In my mind, I still see my family’s estate window exploding, glass shards scattering like sparks in the dying light, a bullet slicing past Naomi by mere inches. The memory plays on an endless loop, each detail burned into my consciousness with perfect clarity. I remember throwing myself over her, my body moving before my mind could process the danger, forcing her to the floor as gunfire cracked through the air like thunder. The thought gnaws at me relentlessly. If I'd been a heartbeat slower, if my reflexes had failed me for even a fraction of a second, she would already be gone. Another ghost to haunt my dreams.
I should send her away. Get her as far away from me as possible. Find some remote location where Viktor's reach cannot extend,where his poison cannot touch her. But I don't want to. Not now, not ever. The very idea of her absence creates a hollow ache in my chest.

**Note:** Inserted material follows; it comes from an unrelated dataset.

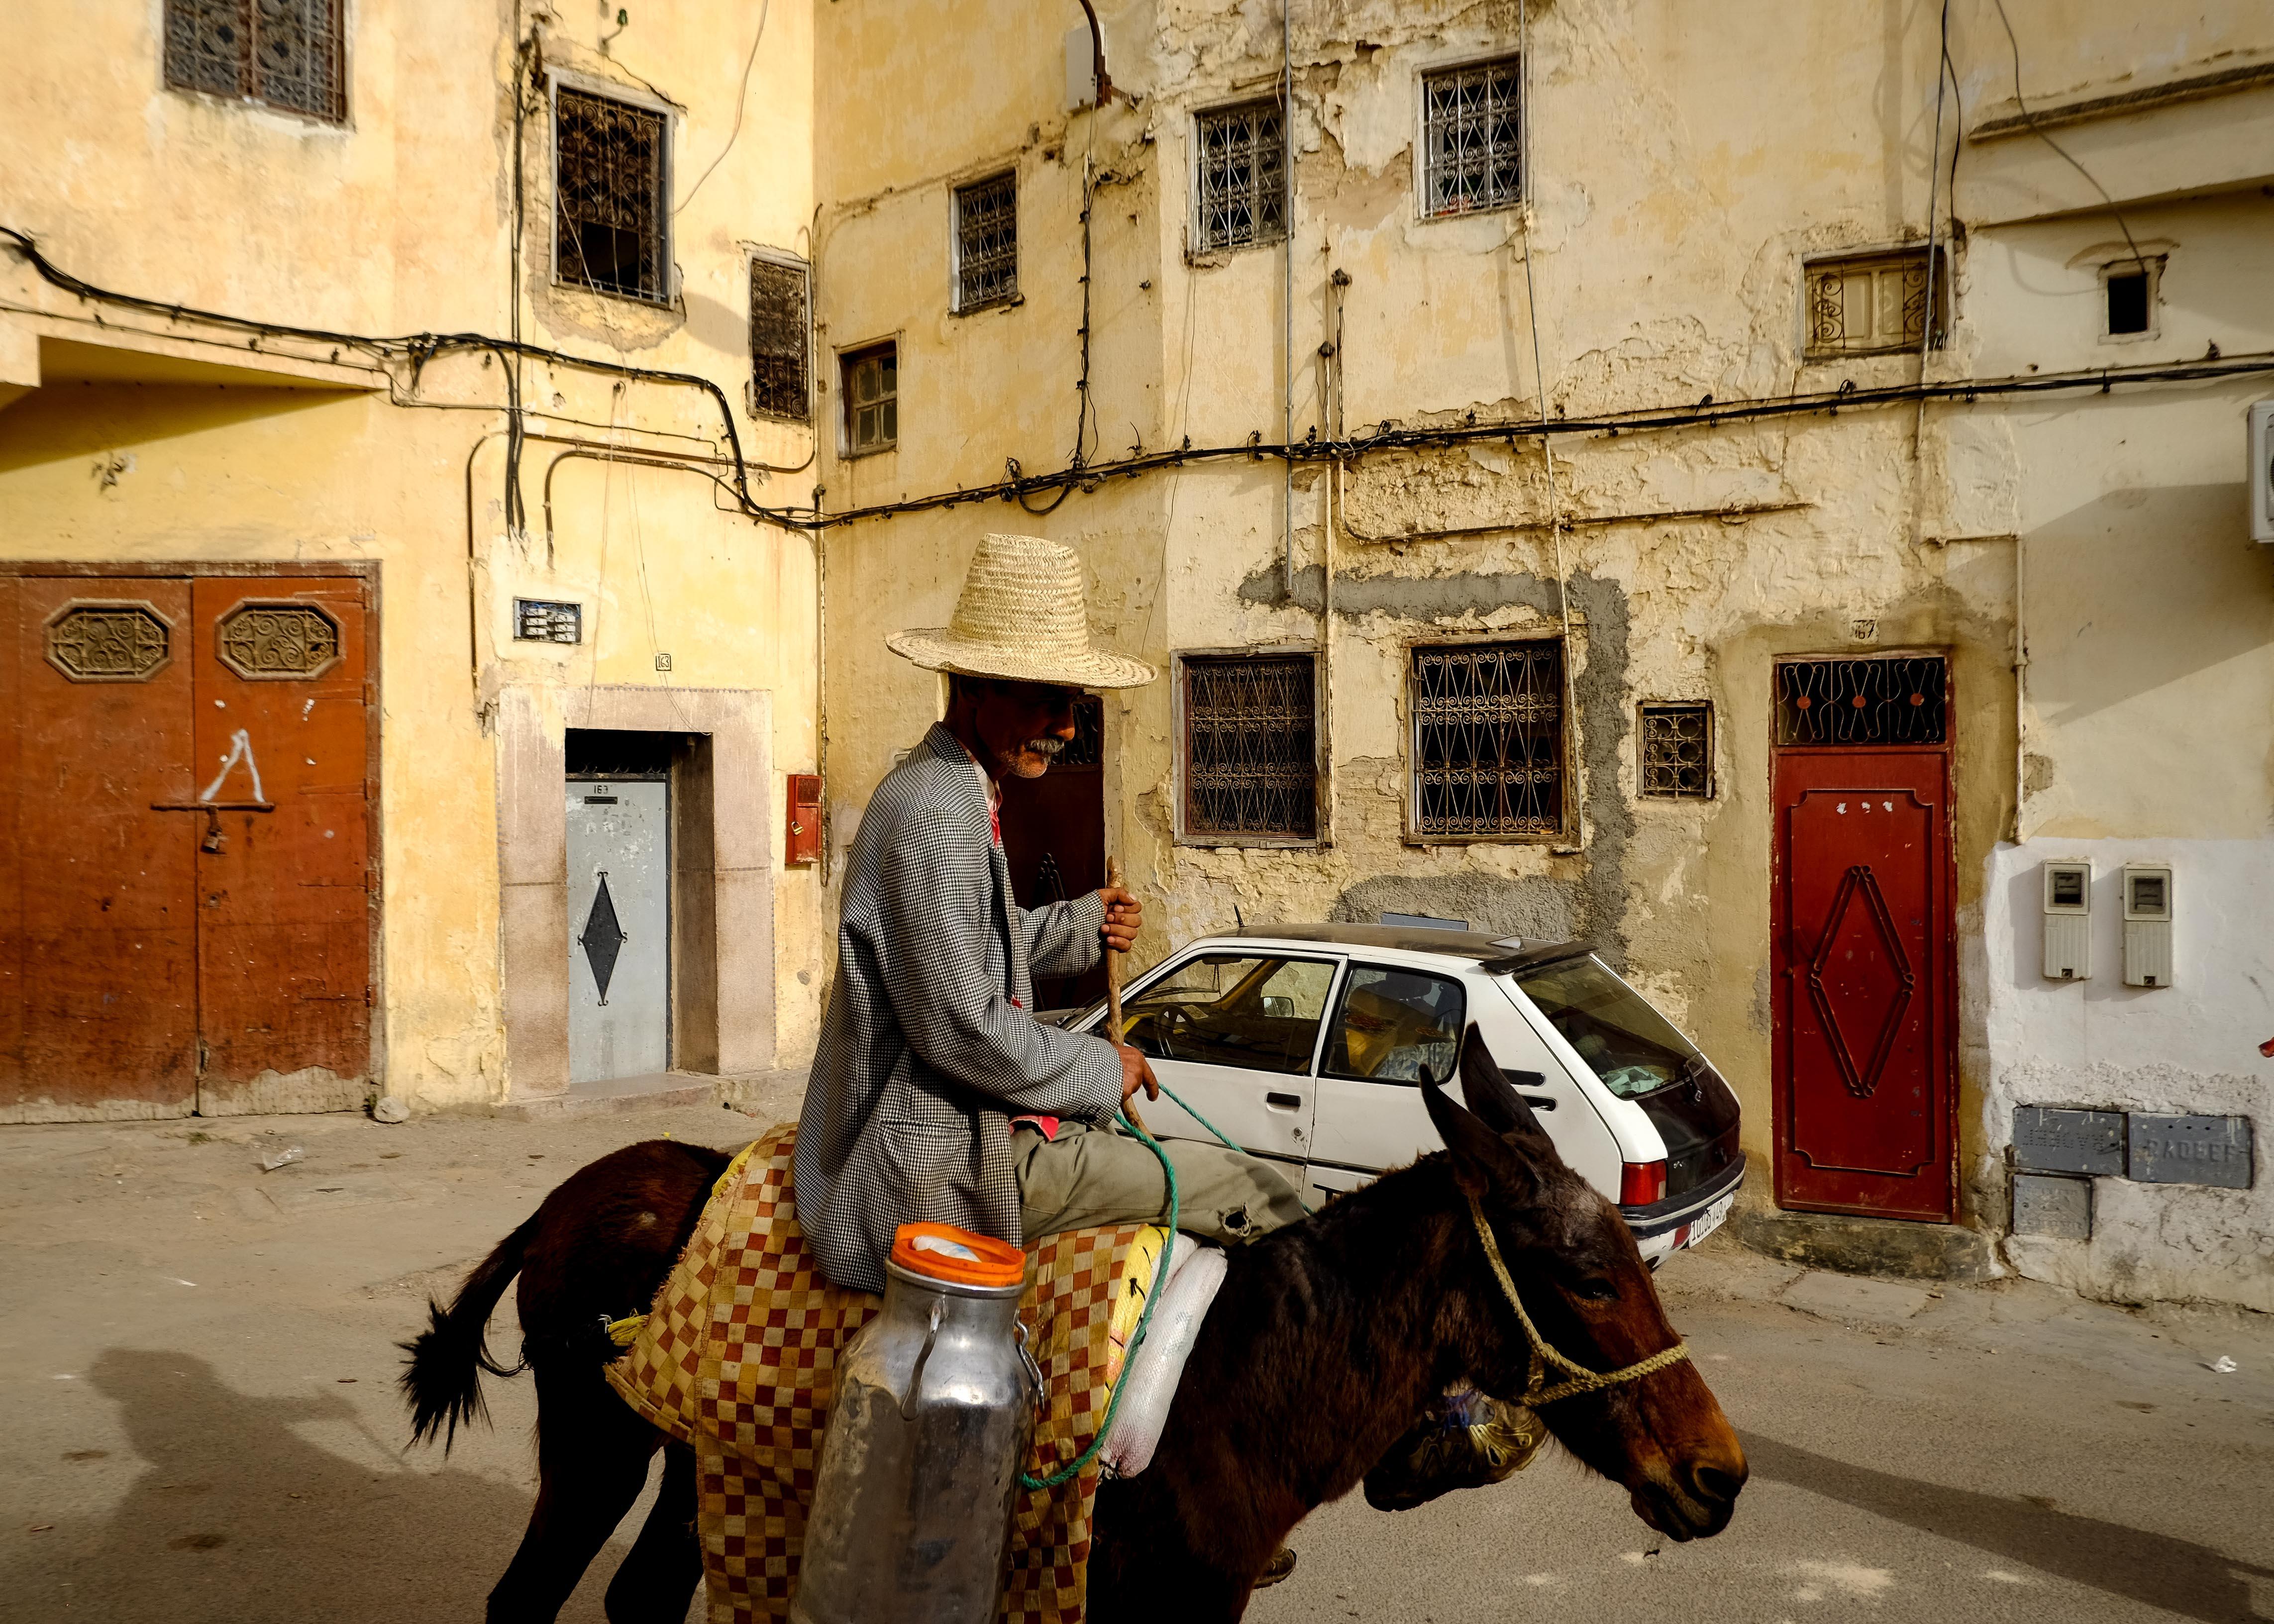 Maroc (19 of 20)

Sasha's ghost lingers in the corner of my mind, persistent as smoke. Her laugh, bright and musical, echoes through rooms that now hold only silence. Her eyes were full of life and mischief. Losing her nearly destroyed me, shattering something fundamental inside that I thought could never heal. Losing Naomi would finish me. Complete the destruction that began years ago.
The office smells faintly of smoke and leather, familiar scents that usually bring comfort but tonight feel suffocating. I sit behind the massive Carrara marble desk, waiting in the amber glow of the desk lamp, the ice in my glass melting untouched. The whiskey grows warm, forgotten as my thoughts spiral through dark possibilities. The knock comes exactly when expected, firm and steady. Lex's timing is always impeccable.
“Enter.”
He steps inside, his posture crisp and military-straight, voice clipped as always. Years of service in Russia have honed him into the perfect soldier, loyal beyond question, efficient beyond reproach. “Perimeter is secure. Patrols doubled. No breaches detected.”
I nod once, my eyes narrowing as I study his face for any subtle sign of concern he might be hiding. “And Viktor?”